Yesterday only two men showed up for the service. One was a man named Doug who has been at the jail for a few months. He doesn’t live in California, but he managed to get into a bit of trouble here. His brother Mike has advanced stomach cancer and is beginning a final round of chemotherapy. It probably won’t help, but they want to give it one last shot. Doug isn’t due to be released until June. “All we can do is pray, I guess,” he said to me when I walked through the barracks before the service. Given that his brother lives out of state, he knows that there is a chance he won’t see him again.

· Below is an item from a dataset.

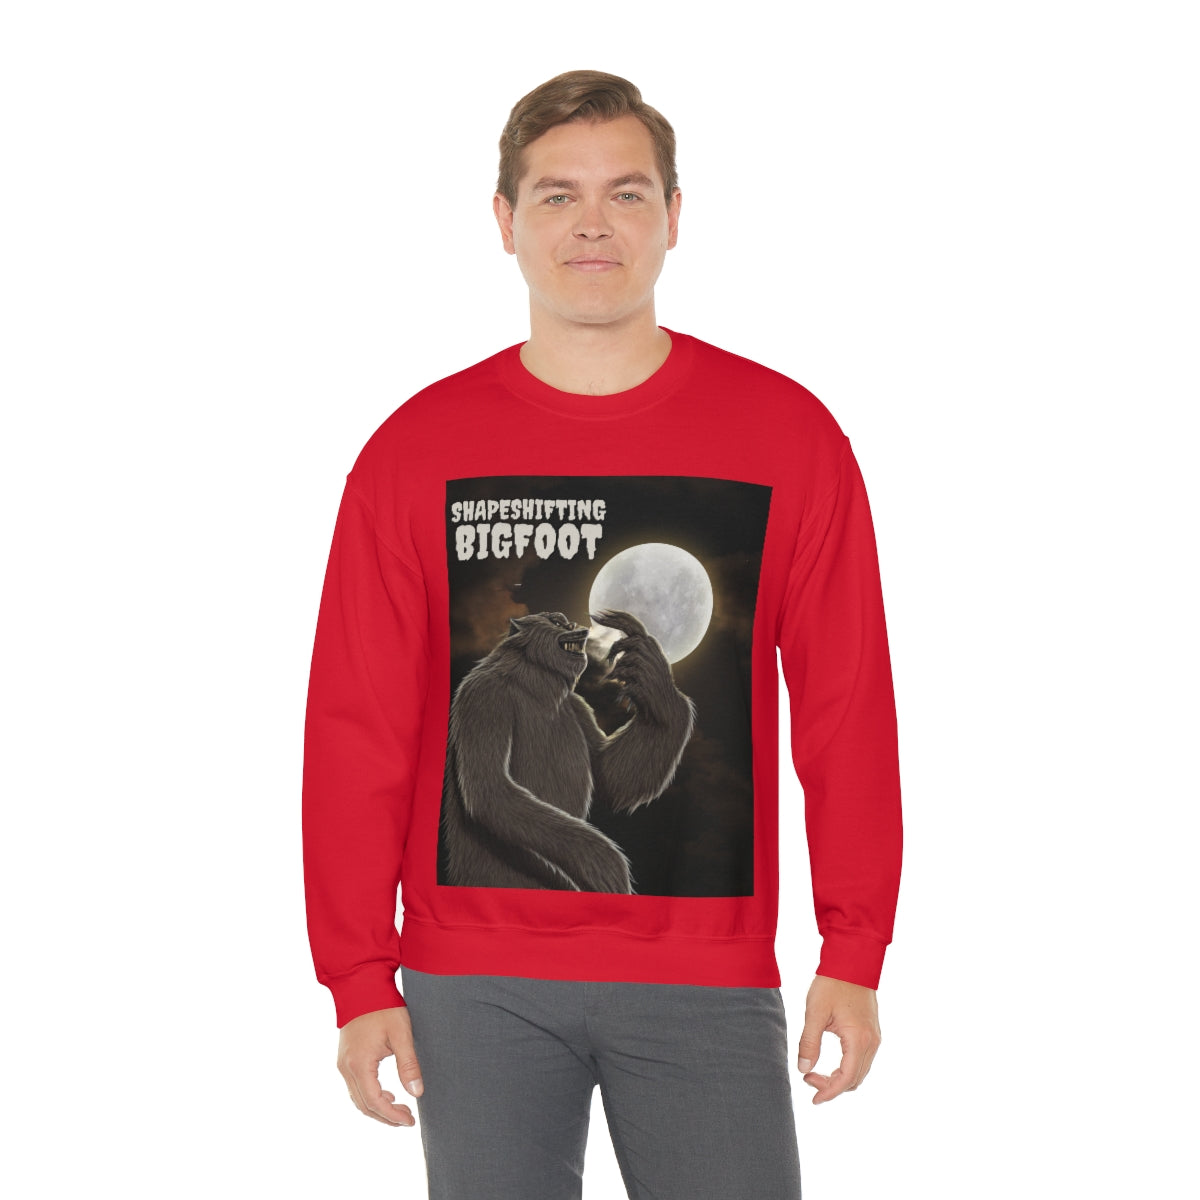 Shapeshifting Bigfoot Sweatshirt

My godfather Ken has advanced colon cancer, and he is in a situation similar to Doug’s brother. His doctor told him he’s one of only two people in the world who have received such a large dose of an experimental cancer medication. I told Doug a little bit about Ken, and he told me a little bit about Mike. It seemed to help him to share what he was feeling with someone in a similar situation.

I know a man who believes he beat his cancer through the power of prayer. I don’t dispute him. But I’ve known a few folks who prayed just as hard as he did and didn’t make it. I pray because God wills it, not because I think it will change His mind. I pray to a God who suffered and died as we suffer and die. There are those who can’t imagine praying to a God who would do such a thing. I can’t imagine praying to a God who wouldn’t.